A ROMANCE OF THE SEA-SERPENT - American Literature of the Sea and Great Lakes

American Literature of the Sea and Great Lakes

A ROMANCE OF THE SEA-SERPENT (1849). This novel by Eugene Batchelder (1822-1878) is one of the stranger works of American sea literature. Written in six sections called “Coils,” it opens on the yacht Hope as protagonist Dick Forbes and other “beaux and belles” are sailing to Na- hant, Massachusetts, summer resort for the Boston elite, from several weeks at Newport, Rhode Island, a city just becoming the new center of beau- monde fashion. While those on board are recounting stories of the sea serpent, the title character slithers on shore at Nahant, eats a few people, and terrorizes many others, then returns to the sea near the yacht.
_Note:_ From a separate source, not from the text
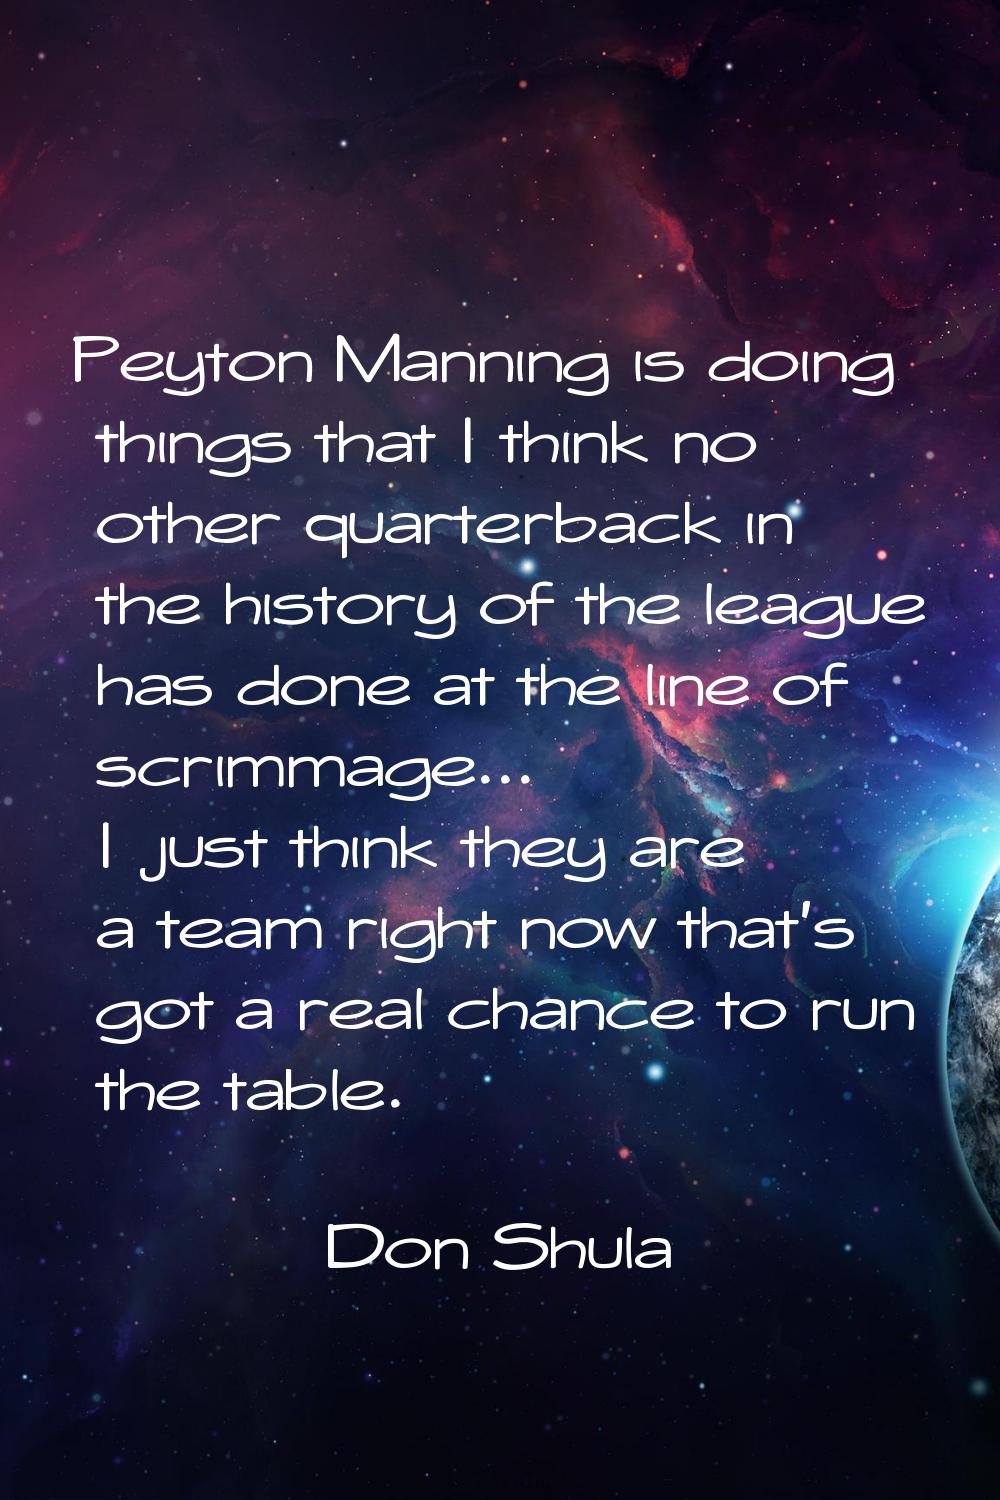 Peyton Manning is doing things that I think no other quarterback in the history of the league has d

He listens to the stories about him and, in response to those who are skeptical, attacks and eats them in ironic spite.

The scene then shifts, in parody of John Milton’s Paradise Lost (1667), to a gathering of the denizens of the deep, presided over by “His Snake- ship.” He tells the others that he is taking a vacation, since he has been invited to several soirees in Newport, which crave the presence of royalty, and to a Harvard commencement, where he is to receive an honorary doctorate. The serpent goes to Cambridge, where he attacks a proctor, escapes to Newport, where he literally crashes the largest ball, and is chased back to sea. Dick Forbes leads a grand attack and vanquishes him and his watery cohorts. Batchelder appends 100 pages detailing the speculations about, and reports of, the existence of sea serpents. The whole is a lighthearted satirical jab at fashionable seaside society and the contemporary fascination with sea monsters.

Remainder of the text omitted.